Marcus Hanwell (Kitware) reported from the #semphyssci working group which was looking at how to grow the development and use of CML in the community. One of the great excitements of the Workshop is the agreement among participants that CML is valuable, worth developing and that they will put the effort in to make it happen.
There are several ways to develop a successful information infrastructure:
- Commercial entrepreneurship, typified by Gates and Jobs – and also Google and Facebook. Build the products that people want and sell them. Failure is common, but the market doesn't care WHO succeeds.
- Design by committee. In many cases this works. CIF, W3C are committee-based, managed, successful. Failure is often common, normally because committees are very slow. I've sat on ISO committees – nuff said. It's very difficult to get innovation.
- Benevolent Dictator For Life (BDFL). Linux, Python are examples of this. It depends crucially on the energy, vision, political skills, etc. of the BDFL.
Leaderless meritocracy. Almost always requires an oligarchy of small number of hardworking, disciplined, drivers. Overlaps with (3).
A common model is for a BDFL to create an initial prototype and then for (1) or (2) to take some role – either complete or partial.
Henry and I have been BDFL for CML for nearly 20 years. We've never wanted to be self-important and so much of the work has been low-key. Unlike ICT where new developments are welcomed both in terms of new ideas and new markets, chemistry regards new ideas with suspicion. There's a large chemical information industry (content and software) which is almost completely out of touch with the 21st Century. There's a few sparks, but most are based on the concepts of possessing content and building walled gardens, and of developing monolithic applications. Both are failing. But so far almost no interest from the chemical information market in semantics. The result is that we have had to build the ecosystem ourselves.
Now it's changing. This meeting #semphyssci has shown that there is not only a desire for the CML ecosystem, but also a willingness to develop it. That's why I invited the National Laboratories to this meeting and I'd like to congratulate them on their commitment. The mechanisms are yet to be worked out but I have no doubt it will happen.
An aside: Four years ago I went to CERN (http://blogs.ch.cam.ac.uk/pmr/2008/01/29/big-science-and-long-tail-science/) to talk to Salvatore Mele about open access publishing. SCOAP3 (http://scoap3.org) would cost some tens of millions of dollars but change the model of publishing to a scientist-centered one, rather than a publisher-centered one. Salvatore took me to the Large Hadron Collider, pointed to a hole 100 metres deep and said "last week we lowered 500 million Euros worth of instrument down the hole. We know how to make large projects work" (with the implication that open access was only a middle-sized project).

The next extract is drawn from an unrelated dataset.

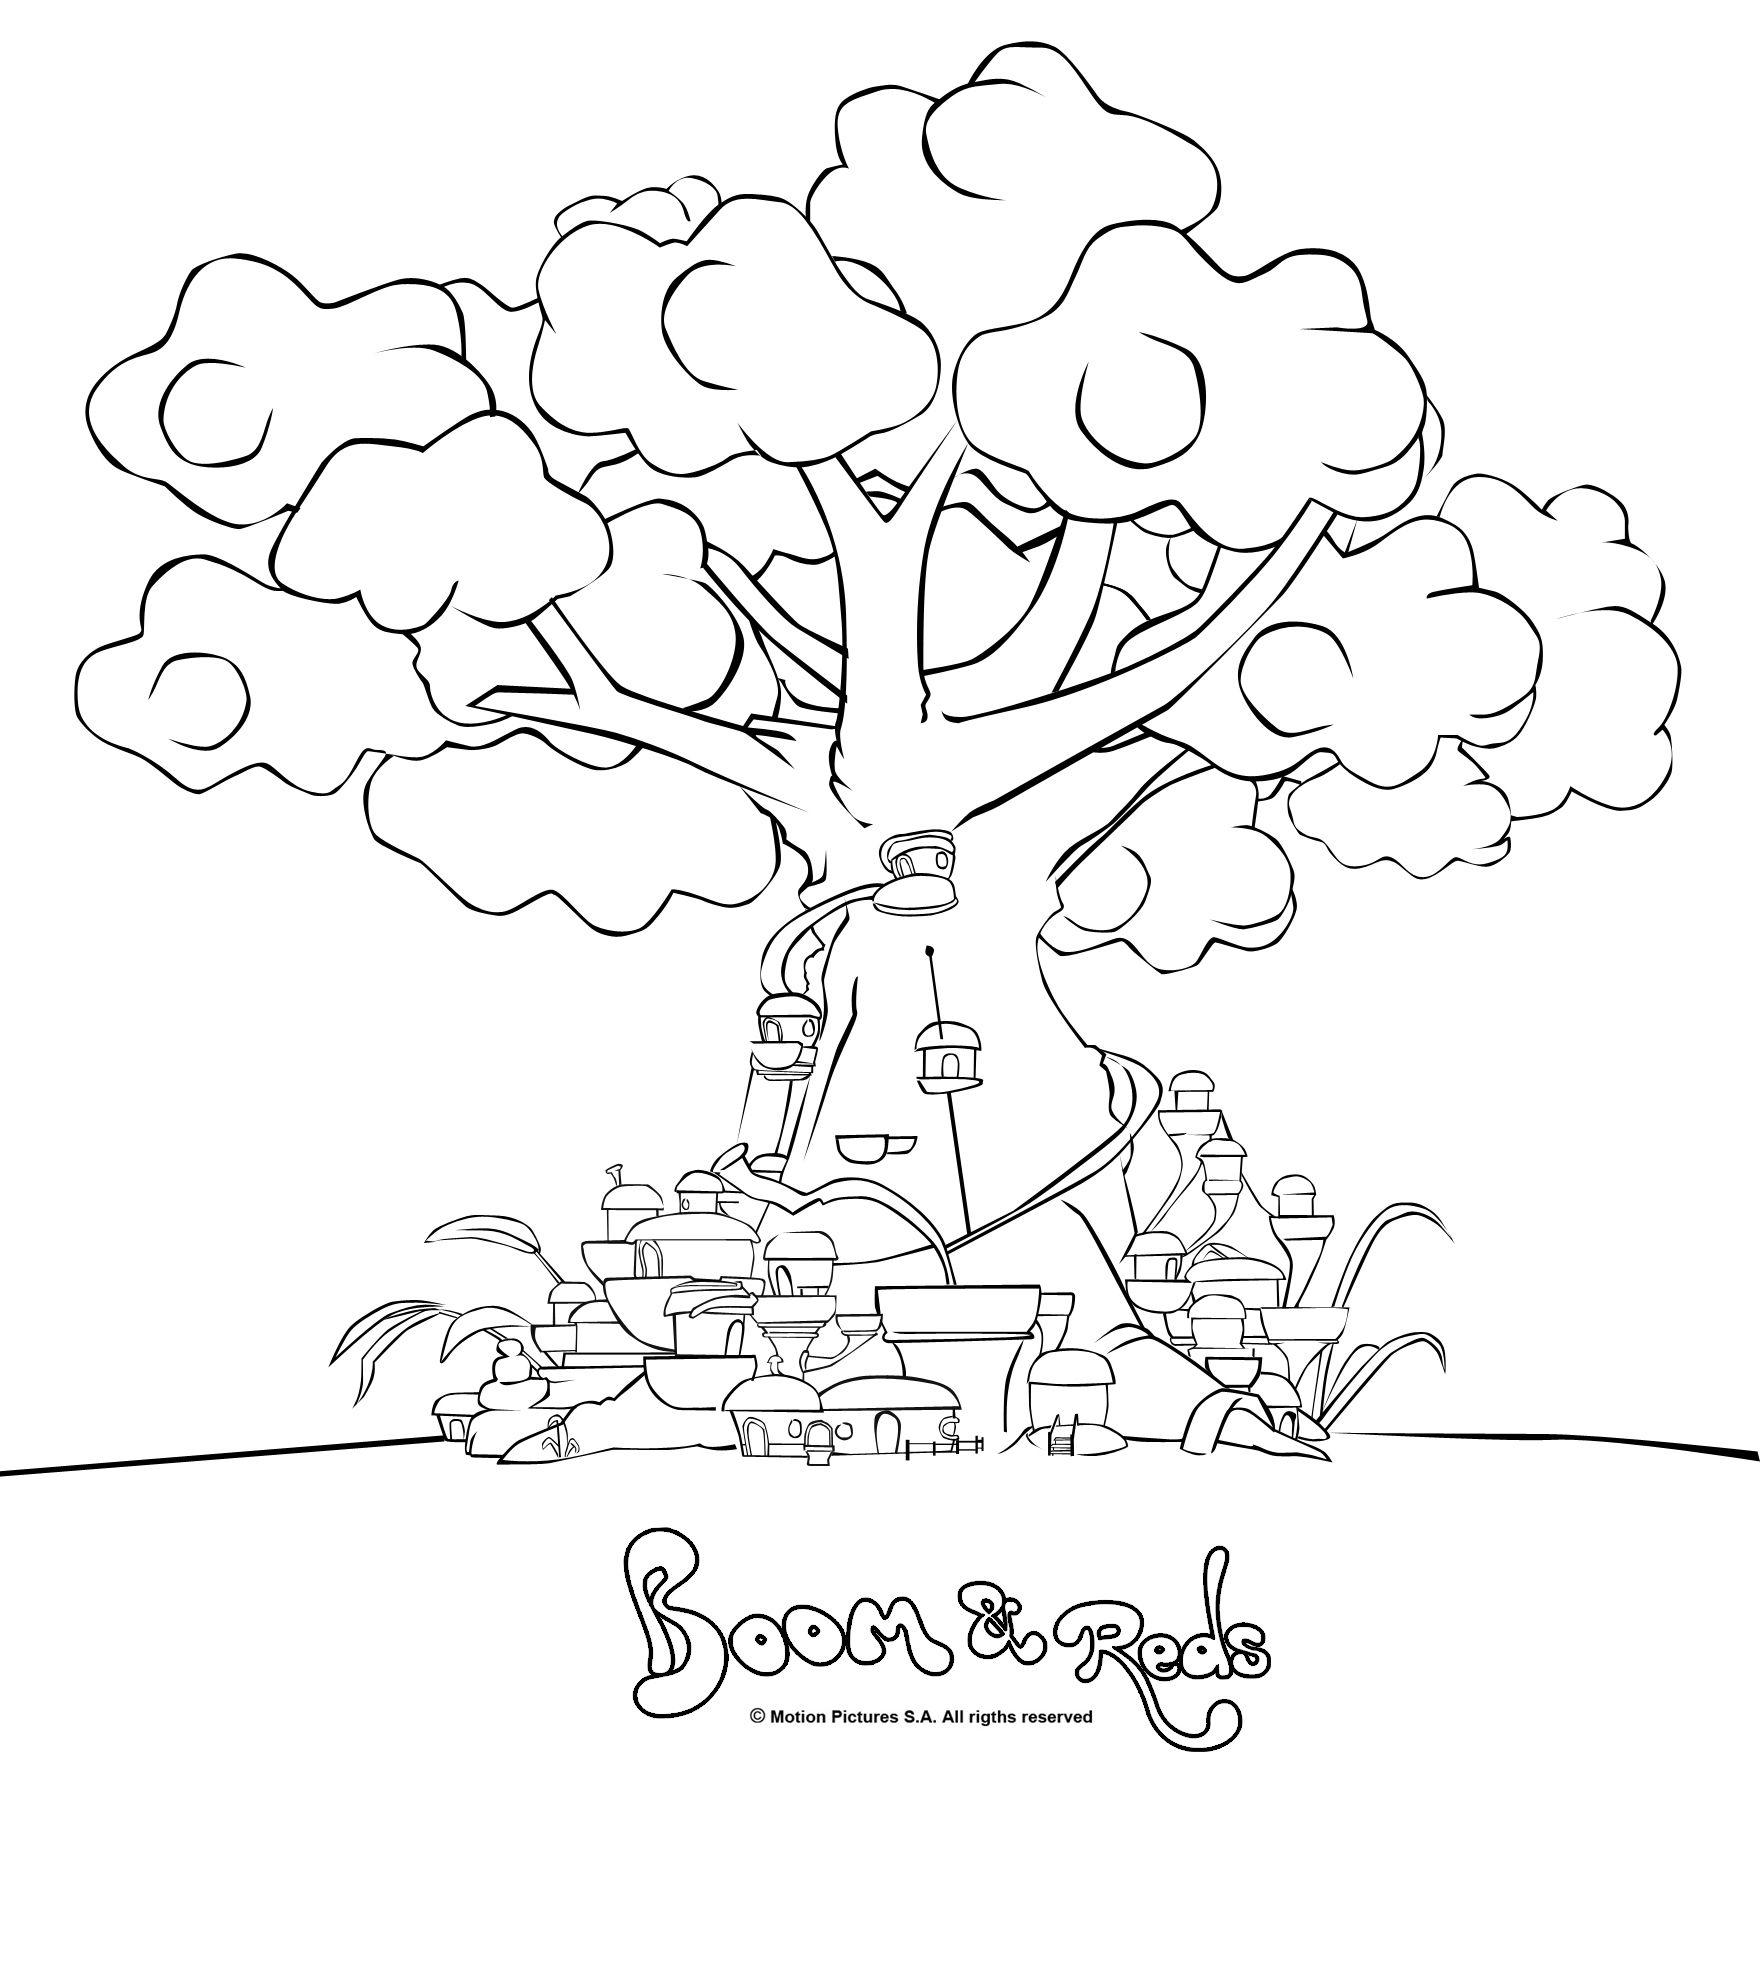 Pintas Boom & Reds, descargar dibujos colorear --- Boom Reds cartoon ...

I have already welcomed Marcus and Kitware's commitment to Open Source, Open Access and collaborative models of information infrastructures. These will inevitably triumph and the current ecosystem will adapt or die. Even their lawyers will not be able to enforce sustainability – the market will simply move on. And CML will be part of the new market. Because that's a central part of the new market – free flow or raw data and ideas, managed by semantics.
And CML is currently the only system which supports chemical semantics across the major subdisciplines – especially in this context spectra, computation and solid-state.
Marcus coordinated the working group on the vision and ecosystem of CML and here's his presentation http://vimeo.com/35400550. I have snipped from this – I think it's rather fun compared with just the flat presentation of slides!
0:00 overview and value of CML
1:15 creating CML ecosystem
4:45 Resources for developers using CML
6:50 End-user applications (maybe whitepaper)
8:20 wish list for new tools
9:20 Features of community
10:20 future meetings
11:00 exercise in validation